Историческая повесть о ребёнке и Великой отечественной войне.
Подходит читателям 13–15 лет.
I
Сегодня они опять останутся без сладкого. Сашка стояла посреди просторной кухни и, сглатывая невольно набежавшую слюну, любовалась пузатой банкой, стоявшей на высоченном старом буфете. Это была последняя банка смородинового джема, которую берегли к приезду дяди Гриши.
Раньше она терпеть не могла смородиновый джем — ее любимым был абрикосовый или персиковый. Но сейчас даже этот прошлогоднего запаса джем был пределом мечтаний. Сашка закрыла глаза и представила: вот она развязывает бечевку на горлышке банки, снимает жесткую бумагу, на которой маминой рукой написано: «Смородиновый джем. 1940 год», и запускает в мягкое, невероятно сладко пахнущее недро банки большую ложку, вынимает которую уже полную с горкой загустевшего ароматного джема и запихивает в свой широко раскрытый рот. Сашка, стоя с закрытыми глазами, расплылась в улыбке от удовольствия.
От замечательных мыслей отвлек раздавшийся скрип кухонной двери. Семилетний Валька, черноволосый мальчик с похудевшим за последние месяцы бледным лицом, сердито сверкая карими глазами, проговорил:
— Ну, долго тебя искать? Мама на урок зовет…
И тоже голодными глазами уставился на банку.
II
Единственной положительной стороной недостатка еды стало то, что теперь мама не поднимала их с постели как обычно в полвосьмого, а позволяла спать сколько угодно, потому что во сне голод почти не чувствуется. Сашку это радовало — она любила поспать и теперь с удовольствием пользовалась предоставленной возможностью.
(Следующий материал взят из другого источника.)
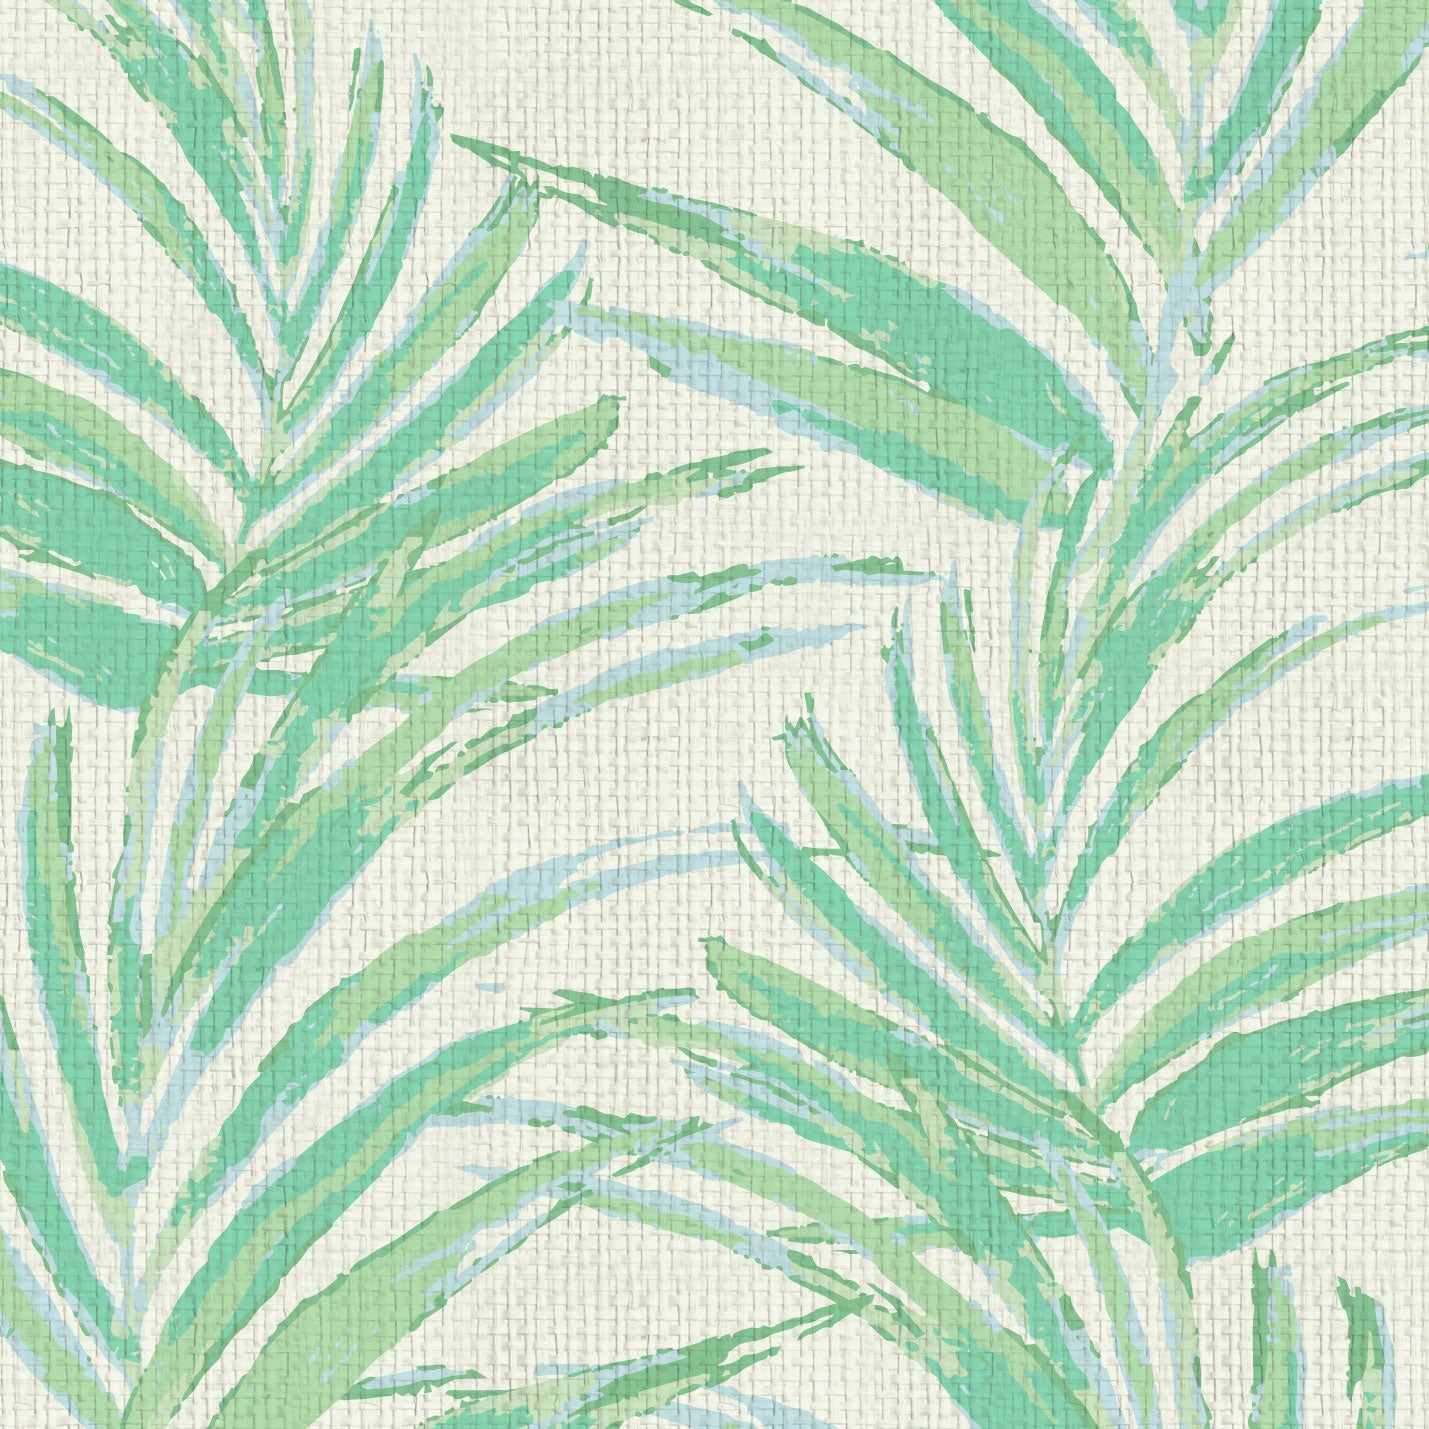 paper weave printed wallpaper of linear twisted palm leaves vertical oversized stripes Grasscloth Natural Textured Eco-Friendly Non-toxic High-quality Sustainable practices Sustainability Interior Design Wall covering Bold Wallpaper Custom Tailor-made Retro chic Tropical jungle beverly hills hilton hotel palm print garden botanical Coastal Seashore Waterfront Vacation home styling Retreat Relaxed beach vibes Beach cottage Shoreline beverly hills hotel ocean blue white cream mint green

От недоедания по ночам снились удивительные сны, чарующие и яркие, которые не хотелось покидать. Правда, чем дальше, тем чаще сны были про еду: Сашка ела в них жареную картошку с котлетами, объедалась пышными, с воздушным кремом, пирожными и тортами, плитками сливочного шоколада, пила какао со свежими, с хрустящей корочкой, булками… И происходило все это в каком-то удивительном и интересном мире. Уже проснувшись, Сашка долго неподвижно лежала в постели, скованная негой и волшебством снов, немного досадуя на то, что ела она не по-настоящему. Лениво глядела в потолок, где прямоугольниками лежал солнечный свет, и слушала звуки дома: негромкое тиканье часов, скрип открываемых дверей. Потом мимо комнаты проходила мама, — Сашка всегда узнавала ее шаги. В дальней комнате вдруг звякали клавиши пианино — наверное, Софья Львовна нечаянно задела, вытирая пыль. Раздавалось бряцание ковша, плеск воды в ванной — это Валька умывается, он всегда встает раньше нее…
Когда на мгновение звуки в доме замирали, Сашка думала: «Вот она, тишина», — и слушала ее. А потом оказывалось, что и это не тишина — множество приглушенных звуков доносилось с улицы: высокие тополя за окнами, качаясь от теплого ветра, поскрипывали и звучно шелестели листвой, тонко кричали стрижи, раздавался стук колес катящейся тележки, далекий лай собак. «Вот бы услышать настоящую тишину, — лениво думала Сашка. — Наверное, это невозможно, потому что какие-то звуки, даже очень тихие, есть всегда…» Тут Сашка зажмуривалась и пыталась представить настоящую тишину. Но звуки упорно лезли в уши. Тогда она затыкала их пальцами, — но от пальцев в ушах становилось еще более шумно. Тогда она снова принималась смотреть в потолок.
Наконец, прогоняя лень, медленно сползала с постели и начинала одеваться, чувствуя слабость во всем теле. И с каждым днем слабость эта становилась все сильнее. Вскоре даже уборка постели стала утомительным занятием. После того как Сашка ворочала тяжелую подушку и кое-как расправляла одеяло, у нее еще долго тряслись коленки и стучало в голове.
Стоило умыться, прогнав холодной водой остатки сна, как в животе тут же просыпалось жуткое чувство голода. Поспешно пригладив короткие непослушные вихры, Сашка мчалась на кухню, где проглатывала крошечную порцию невероятно вкусной каши и принималась ужасно злиться на Вальку, который копался с едой дольше всех, несмотря на ее малое количество. Добавки никто не просил, — знали, что больше ничего нет, но все же уходили с кухни не сразу.